A lot smaller. The 211 was too bulky for my writs. Maybe I'm just too used to 40mm watches, but the 413 sat nice and snug. Of course the 413 is Titanium, so it is much lighter too. I liked summer and fall for the feel/heft of steel that sat down low on my wrist - the titanium models have beautiful dials but are a lot lighter (could be good or bad - depending on what you want).

They look like they are the same thickness on paper, but the 413 seemed to sit a lot lower (maybe it is the thinner case with that bezel less design?)


----------



## kritameth (Oct 11, 2015)

Seriously considering pulling the trigger on my first Grand Seiko. I remember trying the Snowflake on and thinking that it wore a little big for its purpose, so I'm leaning towards the equally beautiful Spring. Does anyone have knowledge on the max discount for the Spring from an AD?


----------



## Sparrowhawk (May 22, 2006)

kritameth said:


> Seriously considering pulling the trigger on my first Grand Seiko.

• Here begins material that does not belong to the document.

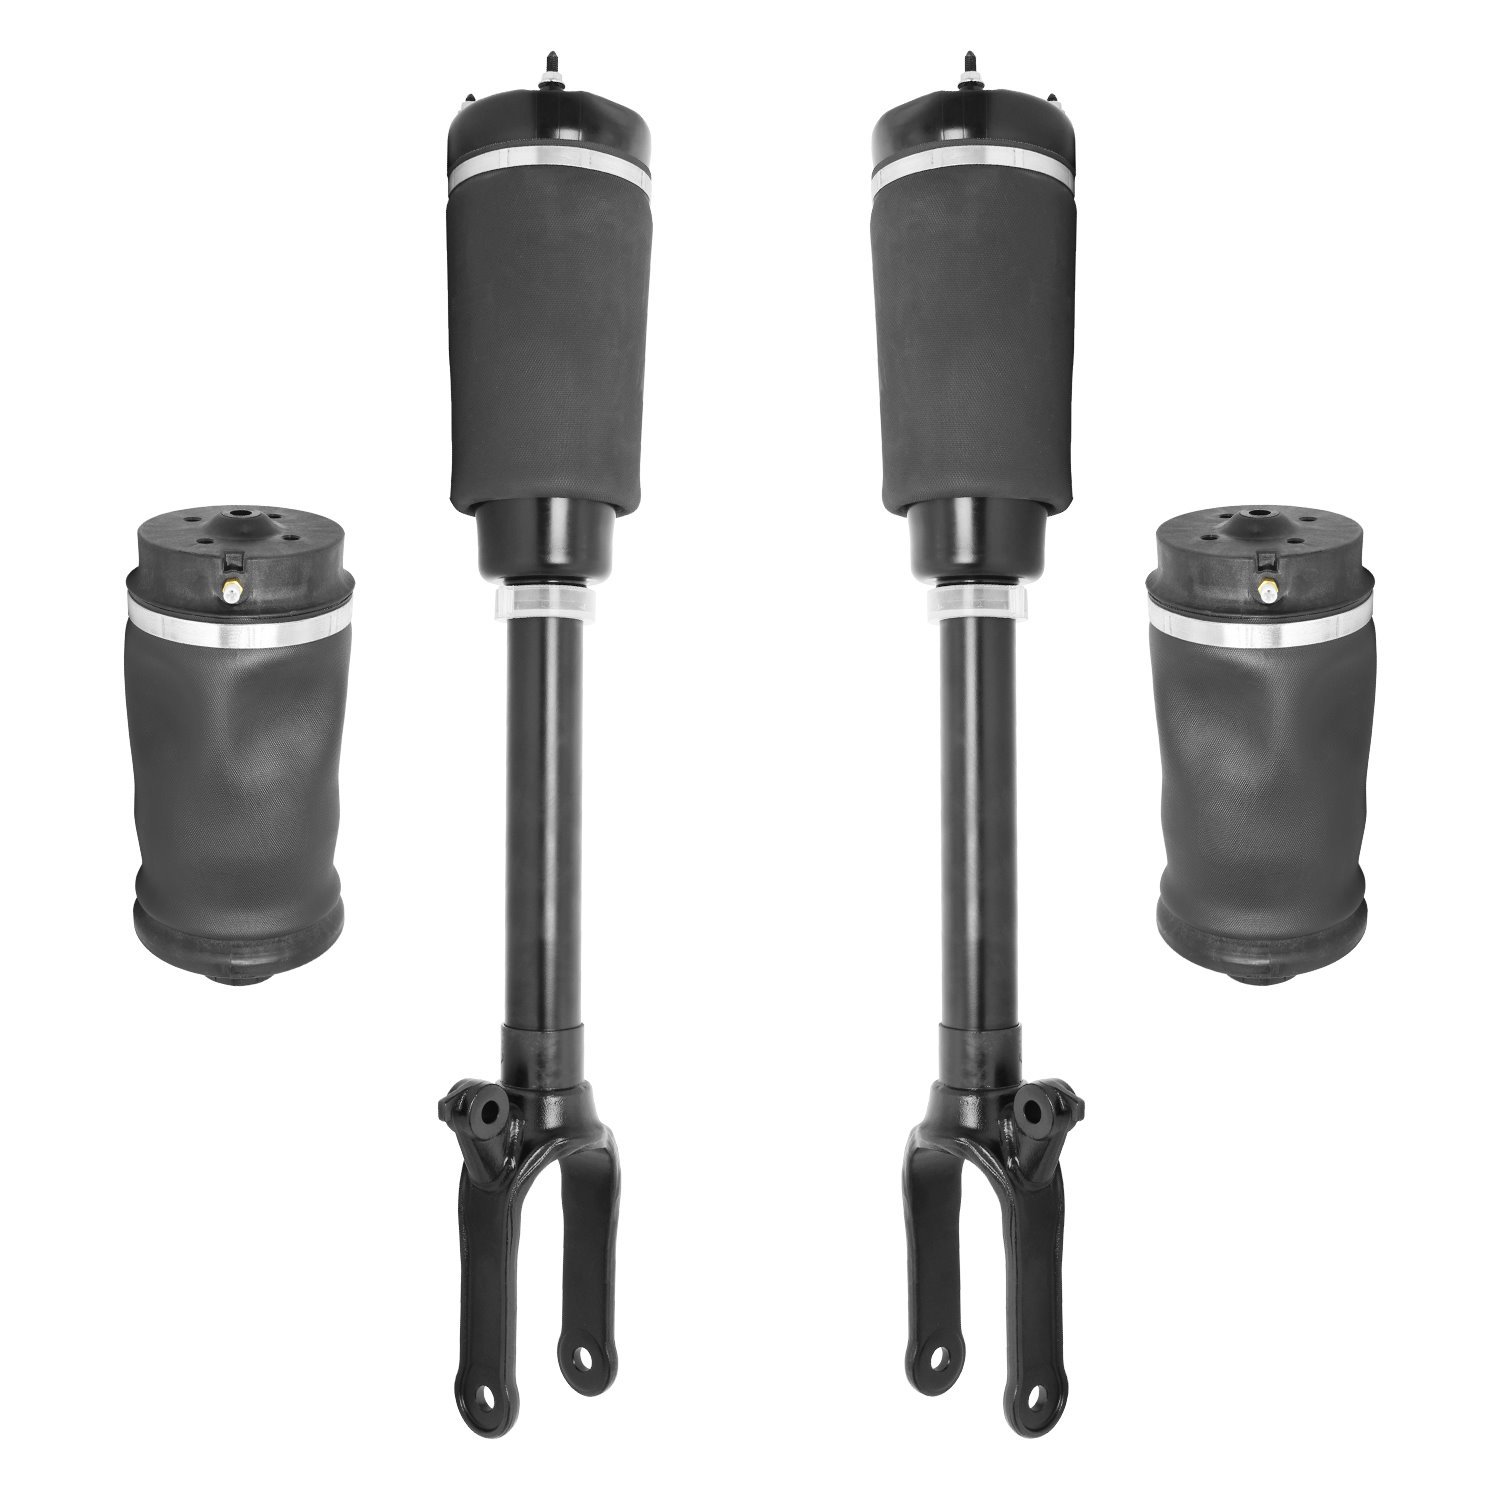 4-18-112900 Front & Rear Non-Electronic Suspension Air Strut Assembly Kit Fits Select Mercedes-Benz

I remember trying the Snowflake on and thinking that it wore a little big for its purpose, so I'm leaning towards the equally beautiful Spring. Does anyone have knowledge on the max discount for the Spring from an AD?


You are not likely to see a large discount, or one at all, for that model. It is a LE and is has become in rather short supply. I believe ADs have to get the full seasons collection as a set.


----------



## kritameth (Oct 11, 2015)

I agree it is in short supply at the moment. I don't believe it is a limited edition, only a U.S. exclusive model. I am curious as to how long Grand Seiko will keep producing it, and if that'll drive down the market price in the future.


----------



## NTJW (May 28, 2019)

Is the 211 really that big? A local dealer has one preowned, only 2 months old. Will set me back some 4k USD, I’m really thinking of getting it. How does it compare with an op39? That’s the closest thing to the similiar size that I own I think...


----------



## kennethwashere (Apr 11, 2015)

211 would be the choice for me.


----------



## kritameth (Oct 11, 2015)

I think the 62GS case is much more interesting, but I'd genuinely like to hear proponents of the Snowflake's case.


----------



## bigbombula (Sep 10, 2010)

Congratulations! You made the right choice. The 413 wins in terms of dimensions, and case design over the snowflake.


----------



## kritameth (Oct 11, 2015)

Possibly the toughest dilemma I've come across in recent years.


----------



## Ced Craig (Mar 31, 2020)

I haven‘t seen them in the metal, but I lean towards the 413, which I‘ve heard isn‘t all that pink on wrist. The 415 also appeals.


----------



## JLittle (Nov 7, 2020)

I chose the Snowflake and I couldn't be happier.


----------



## oliver37 (Jan 4, 2015)

I'd vote for the 413! I think its case is more trim and modern.


----------